Prostitute Or Professional Girlfriend: What's The Difference?

sex and the city

Welcome back to Sex and the Psychological City! If you have read the earlier posts, you are familiar with my confession that I was a hipper psychotherapist when my go-to girlfriends -- Carrie, Miranda, Charlotte and Samantha were on the air, with fresh new material on everything from masturbation to marriage. Granted, their wardrobes and lifestyles were totally unrealistic, but the fashion and fabulousness worked well as a delivery platform for groundbreaking discussions about sex, commitment, friendship and love.

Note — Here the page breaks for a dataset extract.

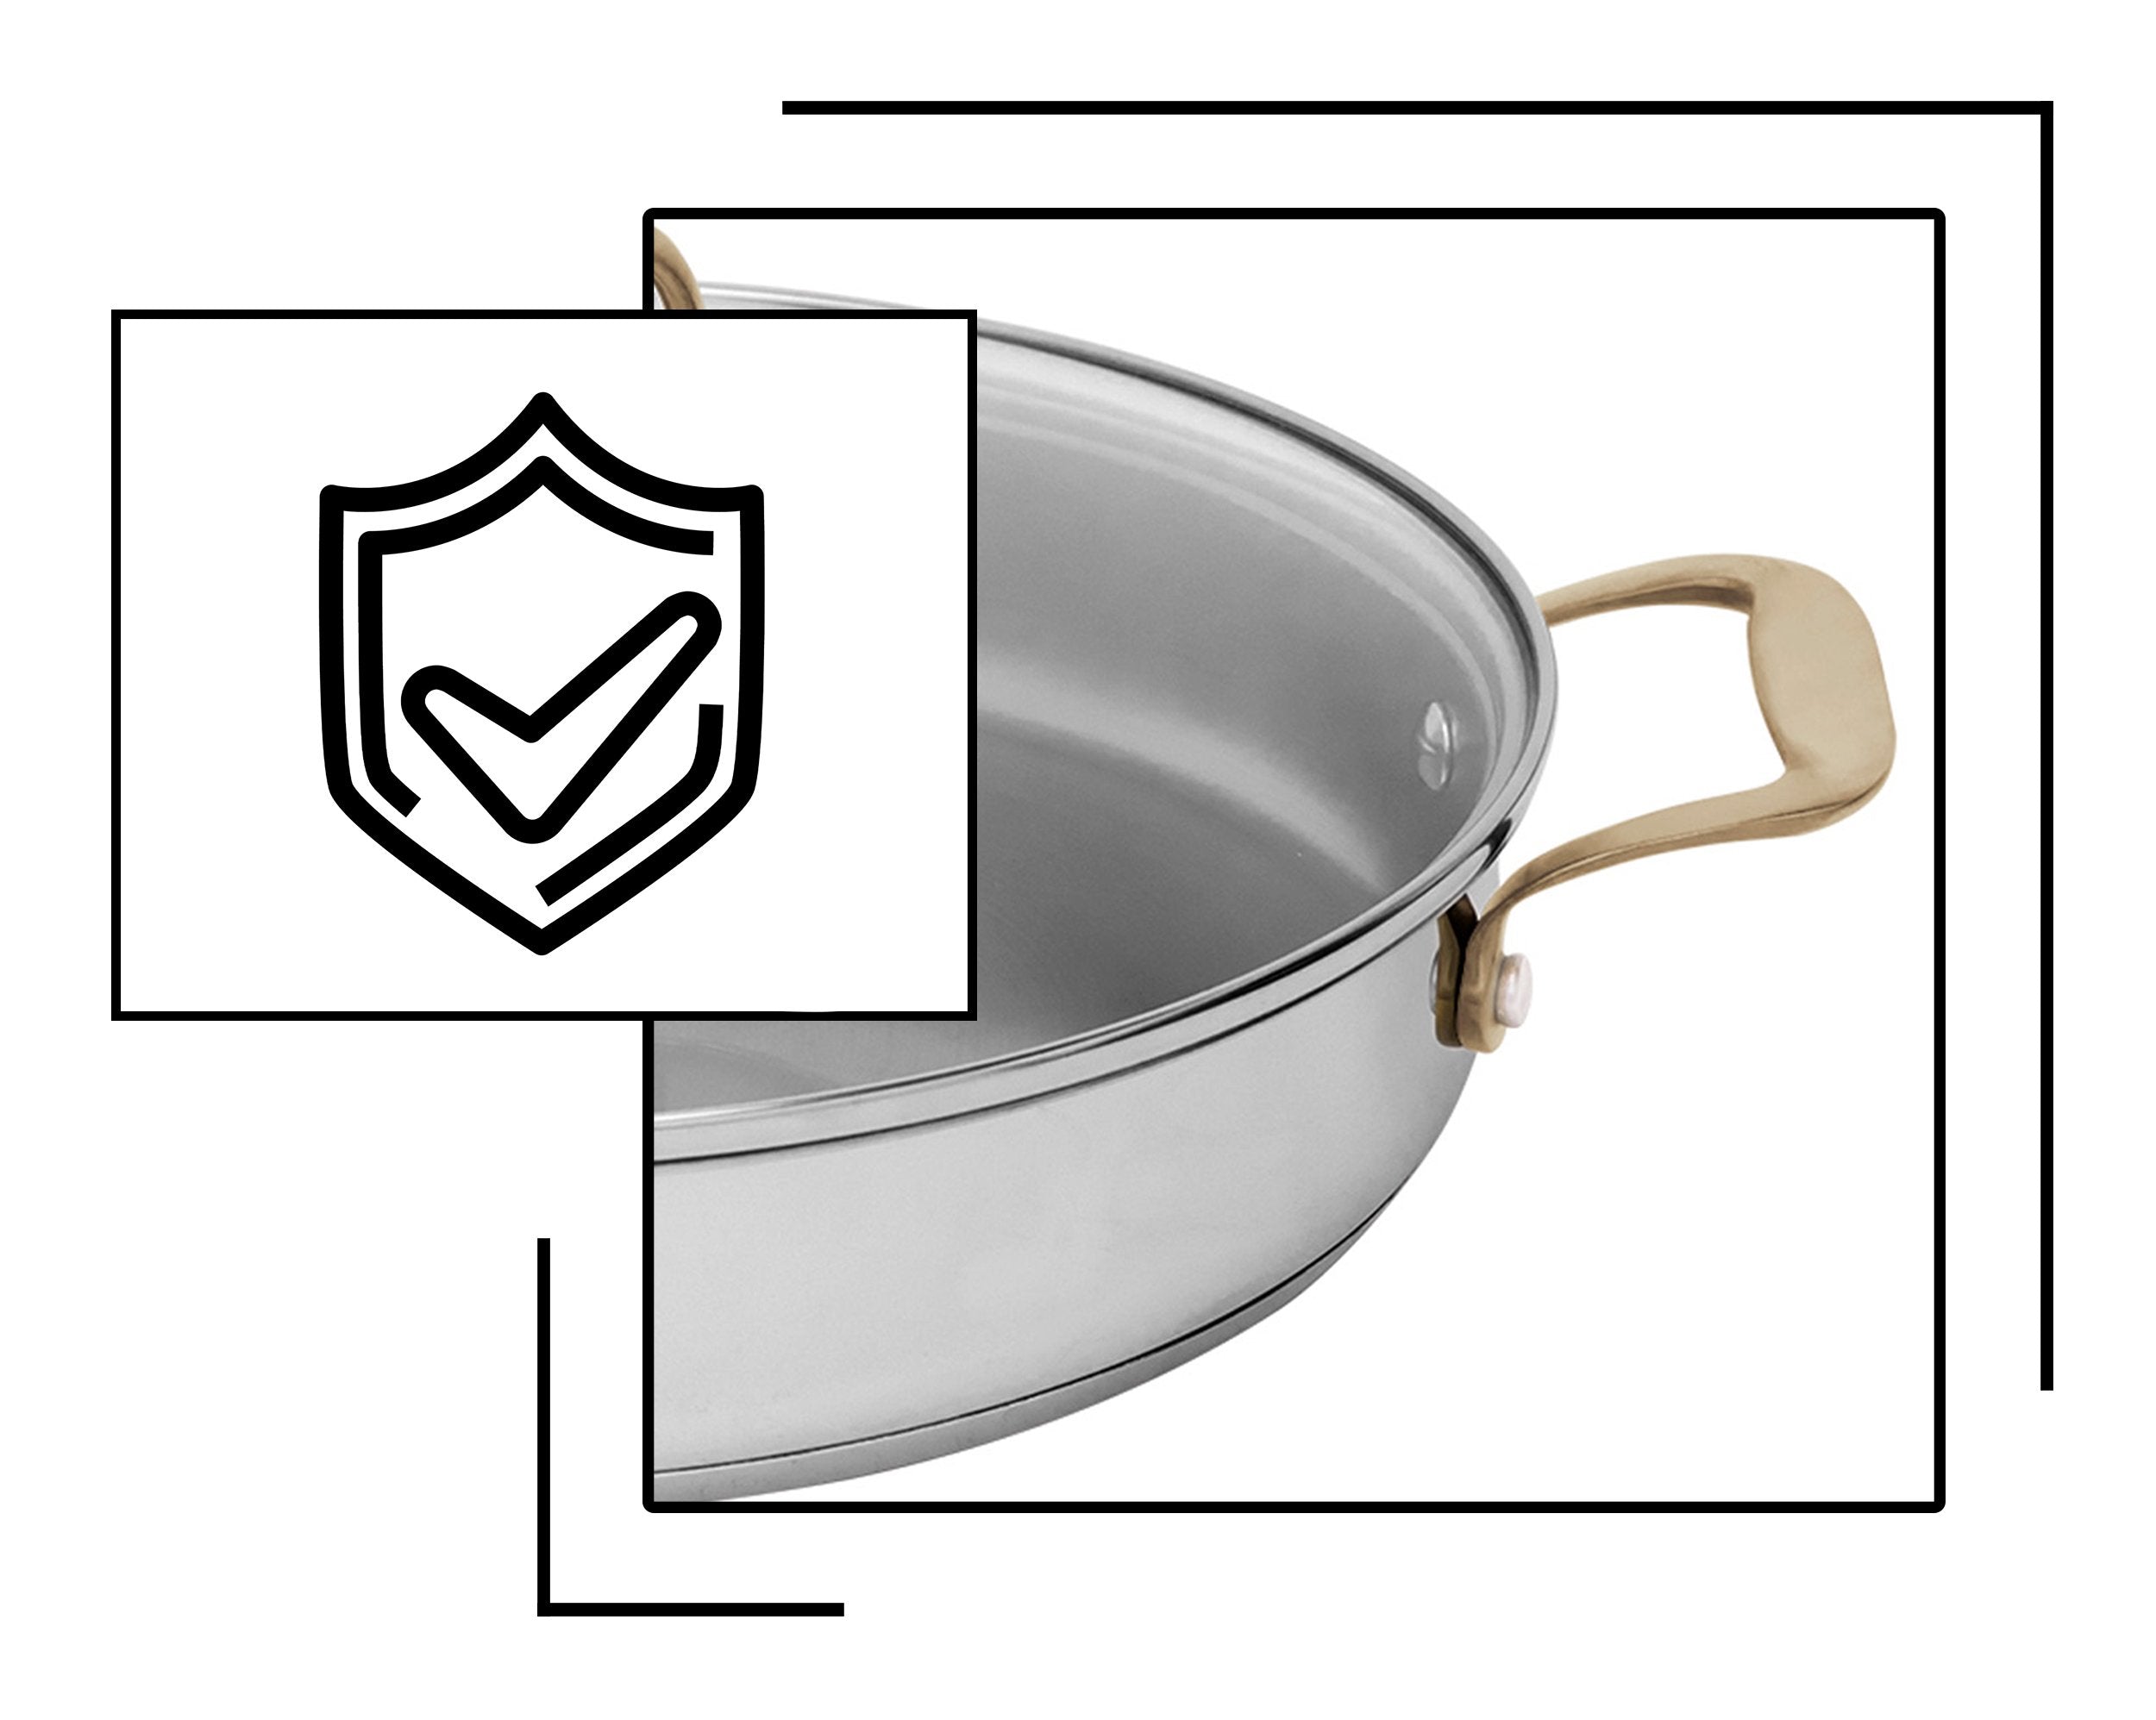 Icon and image representing limited lifetime warranty on cookware

With the announcements about the Carrie Diaries penetrating the media and causing much debate, it is all the more interesting to consider all that has changed since the show first aired in 1999. Can you imagine a world void of email, blackberries, Facebook and Twitter? The original series may seem dated, but it managed to touch upon the very issues my clients face in therapy. Whether the new on can do the same for teens remains to be seen. Regardless, in honor of the show, I am taking a trip down Memory Lane that considers each first season episode, from a psychological perspective.

Episode five, "The Power of Female Sex", explores the relationship between sex and power. Carrie throws unpaid bills in the trash and diagnoses her obsession with "expensive footwear" as a substance abuse problem. She appears to hit rock bottom when her credit card is sliced to pieces by a Dolce & Gabbana sales clerk who refuses her purchase of lavender feathered pumps. Then, out of nowhere, Carrie's bold and bejeweled girlfriend, Amalita Amalfe, appears and insists on purchasing the shoes for Carrie with her escort, Carlo's, credit card. Amalita boasts that Carlo, an Argentinian ranch owner, has unlimited resources (she grossly adds some unwanted details regarding Carlos' anatomy) and begs Carrie to call her at the Four Seasons where she has taken up with Carlo and his bank account. Carrie proceeds to be swept off her feet for a romantic weekend with Gilles, a dashing Parisian architect friend of Carlo's who woos Carrie into bed in spite of her rule that she will not sleep with men she has known for less than twenty-four hours. (Carrie rationalizes that it is already the next day in Paris.) During their superficial whirlwind romance, Carrie opens up to Gilles about her shoe addiction and her unpaid bills. The next morning, Gilles kisses Carrie goodbye and leaves her in an elegantly appointed hotel suite, promising "I'll call you." Carrie worries, as he does not have her phone number. Remember, this episode was pre-iphone, pre-google and way pre-Facebook. Back then, it was actually hard for people to find each other without scribbling numbers on a piece of paper!

Carrie is flabbergasted to discover a note beside her bed with no number, reading only, "thanks for a beautiful day" and a thousand dollars in cash!!!!!